**What is required:**
Locate, in the data below, the line that contains "Аккумуляторные лопаты для" and the line that contains "Ký kết hợp tác"; reproduce exactly those two lines and every line between them, nothing more.

(Beginning of Source information)

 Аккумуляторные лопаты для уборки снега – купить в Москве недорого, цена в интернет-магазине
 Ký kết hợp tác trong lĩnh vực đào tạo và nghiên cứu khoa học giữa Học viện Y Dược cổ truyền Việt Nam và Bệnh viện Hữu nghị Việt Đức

(End of Source information)
(Beginning of Source information)

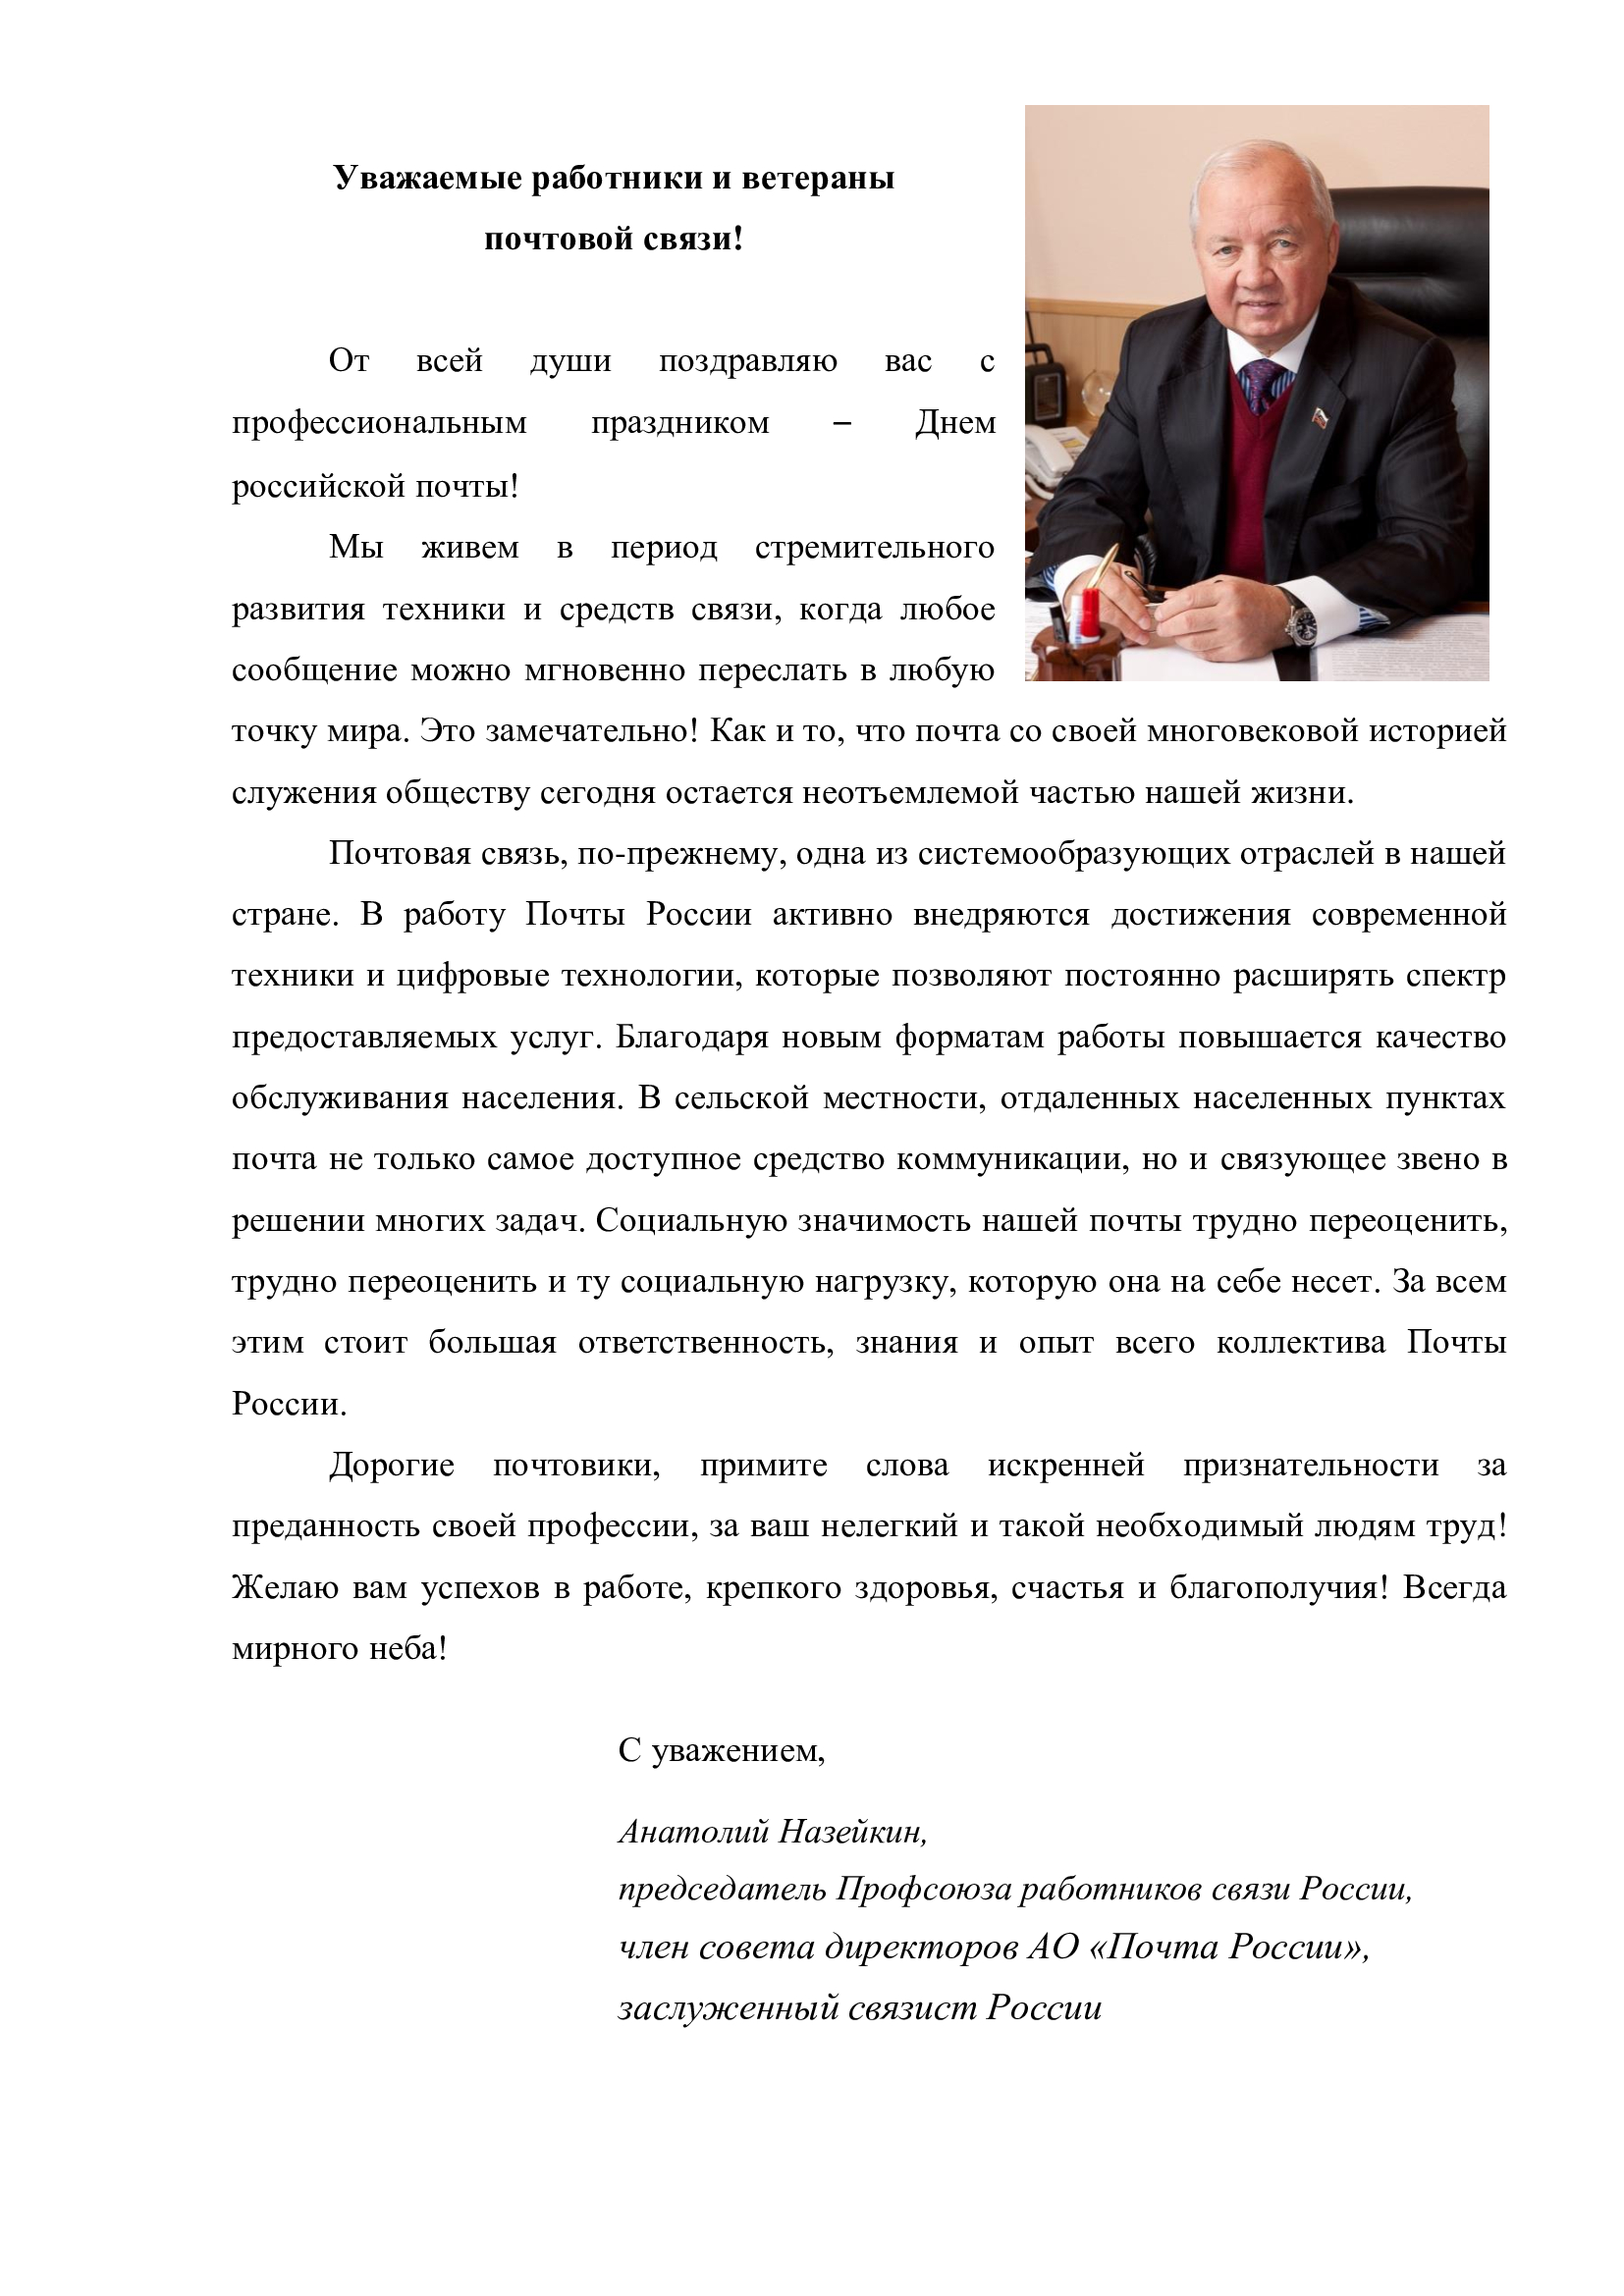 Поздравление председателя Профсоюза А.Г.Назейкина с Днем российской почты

(End of Source information)

**Completed exercise:**
 Аккумуляторные лопаты для уборки снега – купить в Москве недорого, цена в интернет-магазине
 Ký kết hợp tác trong lĩnh vực đào tạo và nghiên cứu khoa học giữa Học viện Y Dược cổ truyền Việt Nam và Bệnh viện Hữu nghị Việt Đức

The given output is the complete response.